All 5 test meals were consumed between 06:30 and 09:00. They consisted of 25 g of milk-based cereal flour (with and without legumes flour) (Société des Produits, Nestlé S.A.), reconstituted with 90 mL warm bottled water (Aqua Pure purified water, still; Bowler Beverage Company Ltd.). The iron isotopes and AA were added to the test cereals just before feeding. All test cereals contained 2.25 mg labeled iron: 1) WG-wheat-lentils was fortified with 2.25 mg of iron as 54Fe-labeled Fefum; 2) WG-wheat-chickpeas was fortified with 2.25 mg of iron as 57Fe-labeled Fefum; 3) refined wheat (reference meal) was fortified with 2.25 mg of iron as 54Fe-labeled Fefum; 4) WG-oat was fortified with 2.25 mg of iron as 57Fe-labeled Fefum; and 5) WG-oat-FeBG was fortified with 2.25 mg of iron as 58Fe-labeled FeBG. Then, 100 μL of freshly dissolved AA solution containing 13.5 mg AA was added after addition of iron isotope to achieve a molar ratio of 2:1 relative to labeled iron. Members of the study team fed the test cereals to the children using a bowl and spoon. We rinsed all utensils with 10 mL water, and the children consumed the rinse water. After feeding, we observed the children at the study site for 2 h, and during this time, intake of foods and/or fluids was not allowed.

Infant cereal

The infant cereals were produced according to the specifications for a commercial product at the Nestlé Product Technology Center - Orbe. They were composed primarily of white wheat flour (70% extraction), skim milk powder, and the addition of either dehulled red lentil flour or dehulled chickpea flour with WG wheat flour or WG oat flour. The flours were mechanically milled by the suppliers. For the lentil and chickpea flour, split lentil cotyledons or sound and dry red lentils (Crimson) and sound, healthy, dry, and clean yellow chickpeas (Kabuli), respectively, were used. For both the refined and whole-wheat flour, Berdun and/or Marius and/or Rimbaud wheat was used, but only the endosperm and ash content were present in the former, whereas the latter had all 3 fractions (bran, germ, and endosperm). WG oat (mixture of Ivory and Husky) was heat treated for stabilization prior to milling and contained the 3 fractions. The aqueous slurry was cooked by steam injection and roller-dried.

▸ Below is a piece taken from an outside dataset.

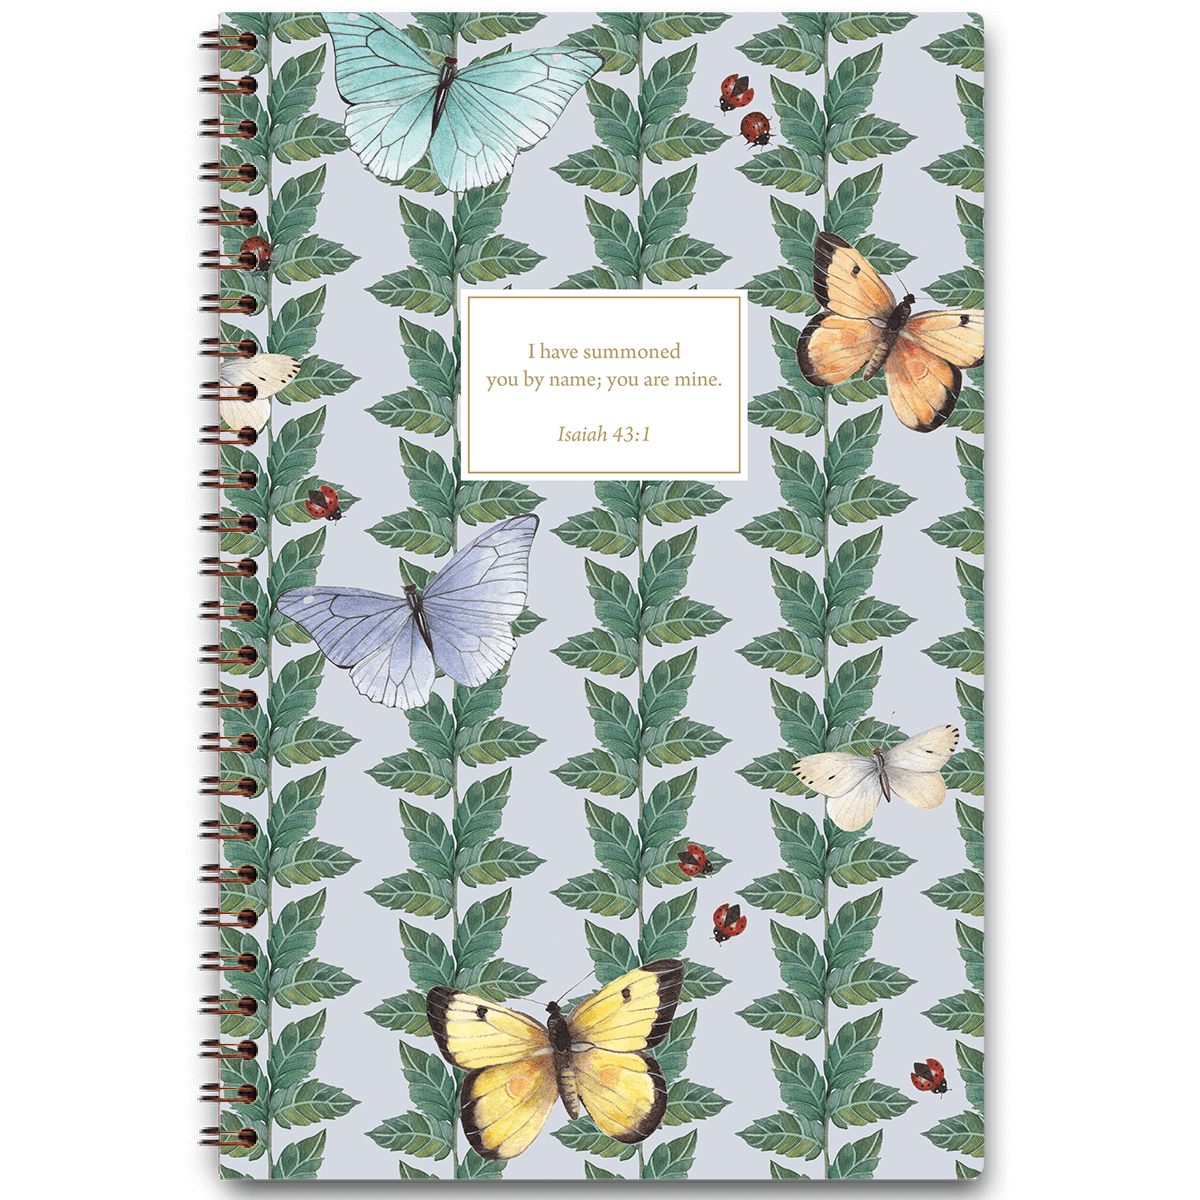 butterfly journal, lydia carraway design, lydia carraway artist, christian journal, christian journal for women, christian gifts, personalized devotional, christian book store, prayer journal, christian gratitude journal, best christian gifts, personalized scripture, christian wedding gifts, christian mothers day gifts

The skim milk powder and the whole milk added in the oat recipe were then dry-mixed with the roller-dried cereal base. They all contained Bifidobacterium lactis at a level of 4.3 × 107 CFU per serving to support gut health and immunity as currently added in commercial products. For the purpose of this study, no iron or AA was added to the test cereals during the production process. The addition of labeled iron fortificant and AA was done as previously described. The nutritional composition was analyzed and the microbiologic safety was ensured before the product was released from the Product Technology Center. Quantities of flour and milk in the test cereals as well as their nutritional composition are shown in .

TABLE 1

Energy, nutrient, flour, and milk composition of test cereals per 25-g serving as consumed by the participating Malawian children, without added labeled iron and ascorbic acid

	Cereal type
Nutritional composition	WG-wheat-red lentils	WG-wheat-chickpeas	Refined wheat (reference)	WG-oat
Energy, kcal	109	107	103	108
Protein, g	3.6	3.7	3.5	4.2
Total fat, g	3.2	2.8	2.0	2.9
Carbohydrates (g)	16.4	17.8	16.7	16.4
Sugar, g	5.1	5.1	6.9	3.7
Total dietary fiber, g	2.6	2.4	1.0	2.3
Total cholesterol, mg	1.2	1.1	1.7	4.3
Calcium, mg	142	142	76	85
Iron, μg	370	330	170	340
Vitamin C, μg	500	500	560	635
Phytic acid, mg	60.9	59.7	20.5	50.0
Polyphenol,1 mg	25.9	27.2	23.5	34.8
Flours and milk
Refined wheat flour, g	8.0	8.0	13.5	8.3
Whole-grain flour, g	4	4	0	8
Pulses flour, g	2	2	0	0
Skimmed milk, g	4.3	4.5	6.5	5.0
Whole milk 26% fat, g	0	0	0	2.5

As Gallic acid equivalents. 2.25 mg of labeled iron and 13.5 mg of ascorbic acid were added to each test cereal prior to feeding after reconstitution of the infant cereals in warm water. WG, whole grain.

Stable isotope labels

54Fe- and 57Fe-labeled Fefum and 58Fe-labeled FeBG were prepared from 54Fe-, 57Fe-, and 58Fe-enriched elemental iron (99.4%, 95.55%, and 99.89% isotopic enrichment, respectively; Chemgas) by Dr. Paul Lohmann GmbH (Emmerthal). We analyzed the labeled iron compounds for iron isotopic composition and the tracer iron concentration via isotope-dilution mass spectrometry as outlined in the analytic methods.

Laboratory analyses

At screening, we measured Hb and CRP using the QuikRead go CRP + Hb kit (Orion diagnostica Oy). For the subsequent visits, venous or heel stick blood samples were drawn into heparin- and EDTA-coated tubes. Hb, hematocrit, and total RBC count were measured immediately after blood draw using Sysmex Automated Hematology analyzer (XP-300; Sysmex Corporation). Whole blood and heparin plasma aliquots were stored at –20°C until further analysis at ETH Zurich. Iron and inflammation status (PF, sTfR, CRP, AGP) were measured using a multiplex immunoassay (27), and PHep was measured using a commercially available ELISA (DRG Instruments GmbH). Anemia was defined as Hb <110 g/L (28). ID was defined as PF <12 μg/L and/or sTfR >8.3 mg/L (27), and IDA was defined as Hb <110 g/L (28) and PF <12 μg/L and/or sTfR concentration >8.3 mg/L (27). CRP or AGP concentrations >5 mg/L and >1 g/L, respectively, were defined as indicating inflammation (27). Whole blood samples were mineralized in duplicate with the use of nitric acid and microwave-assisted digestion (TurboWave; MLS), followed by separation of the iron from the blood matrix via anion-exchange chromatography and a subsequent precipitation step with ammonium hydroxide (29). We measured iron isotope ratios by using an inductively coupled plasma mass spectrometer (Neptune; Thermo Finnigan) equipped with a multicollector system for simultaneous iron beam detection (29).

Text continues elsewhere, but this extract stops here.